GIVEN ENTRIES:

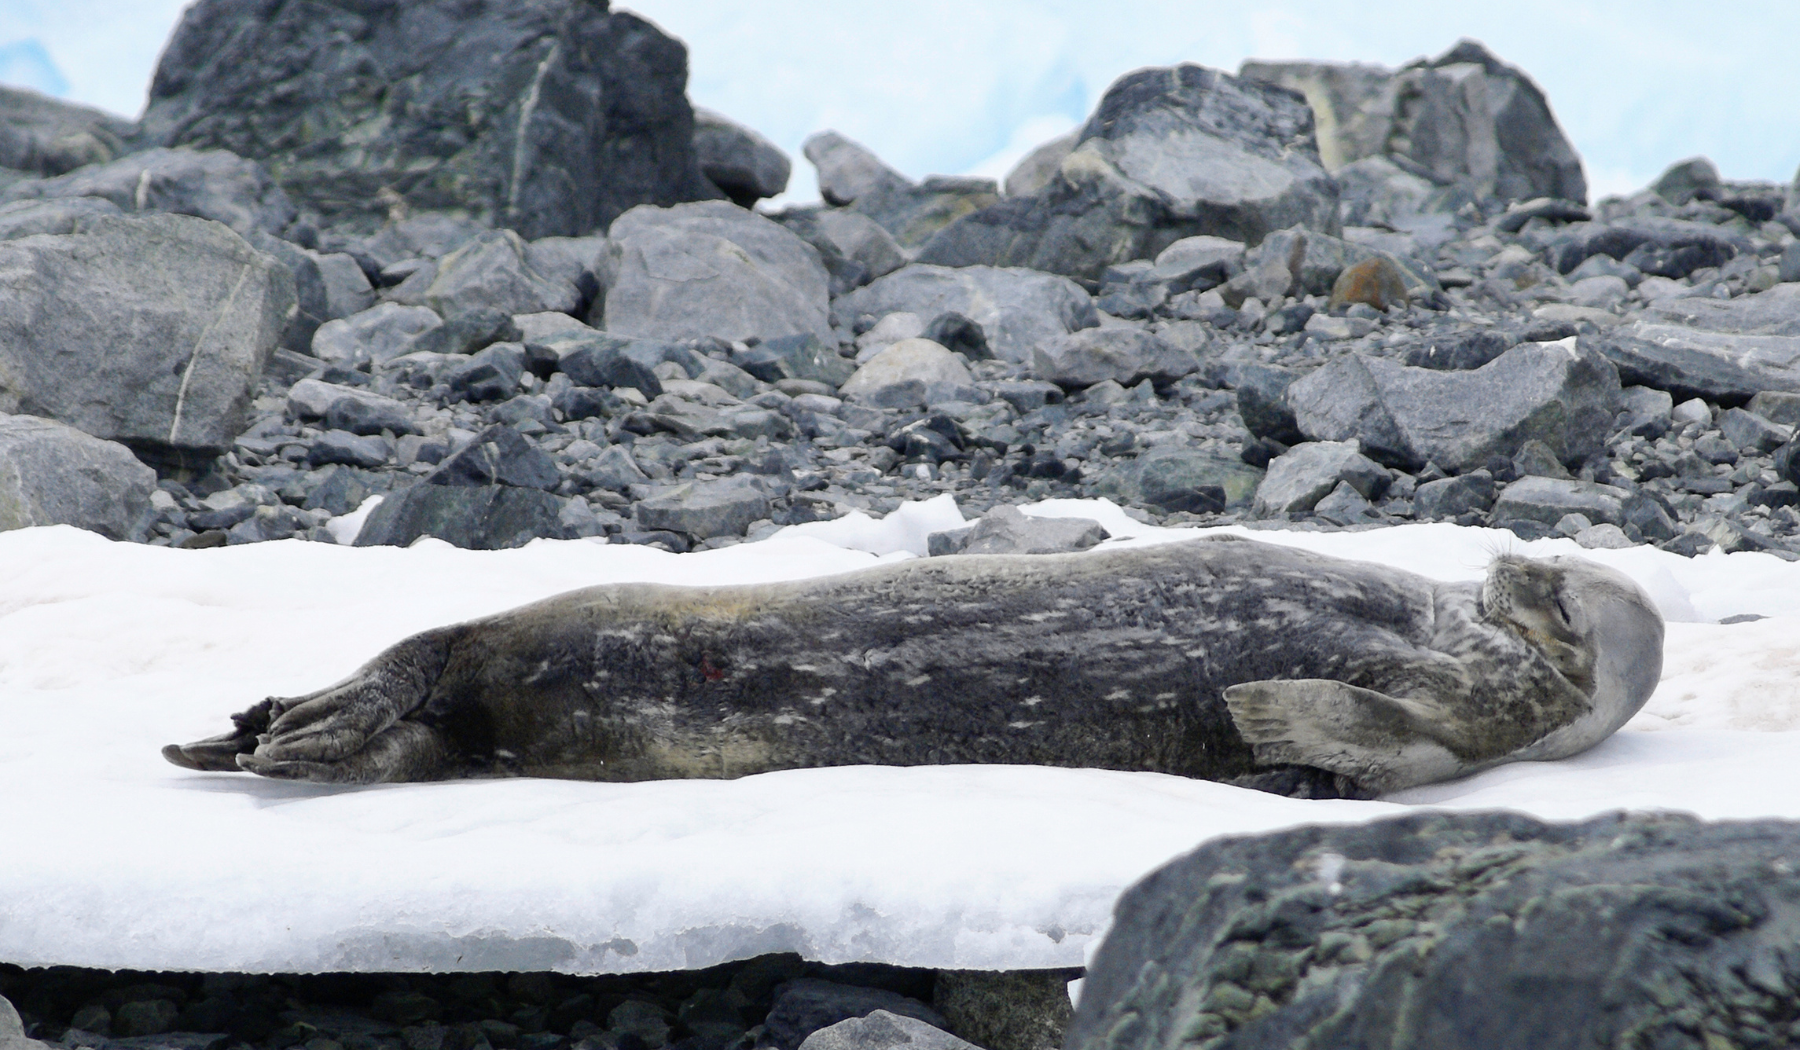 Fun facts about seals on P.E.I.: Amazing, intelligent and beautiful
* * *
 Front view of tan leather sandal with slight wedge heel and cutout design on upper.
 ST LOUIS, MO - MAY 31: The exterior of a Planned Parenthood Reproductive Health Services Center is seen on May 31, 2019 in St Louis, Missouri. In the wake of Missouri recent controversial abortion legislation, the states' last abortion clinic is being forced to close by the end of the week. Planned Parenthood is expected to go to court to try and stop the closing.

PROBLEM REQUIREMENTS: Using the entries above, give again exactly the lines from the line holding "Front view of" through the line holding "ST LOUIS, MO". Include both end lines and nothing else.

FINAL ANSWER:
 Front view of tan leather sandal with slight wedge heel and cutout design on upper.
 ST LOUIS, MO - MAY 31: The exterior of a Planned Parenthood Reproductive Health Services Center is seen on May 31, 2019 in St Louis, Missouri. In the wake of Missouri recent controversial abortion legislation, the states' last abortion clinic is being forced to close by the end of the week. Planned Parenthood is expected to go to court to try and stop the closing.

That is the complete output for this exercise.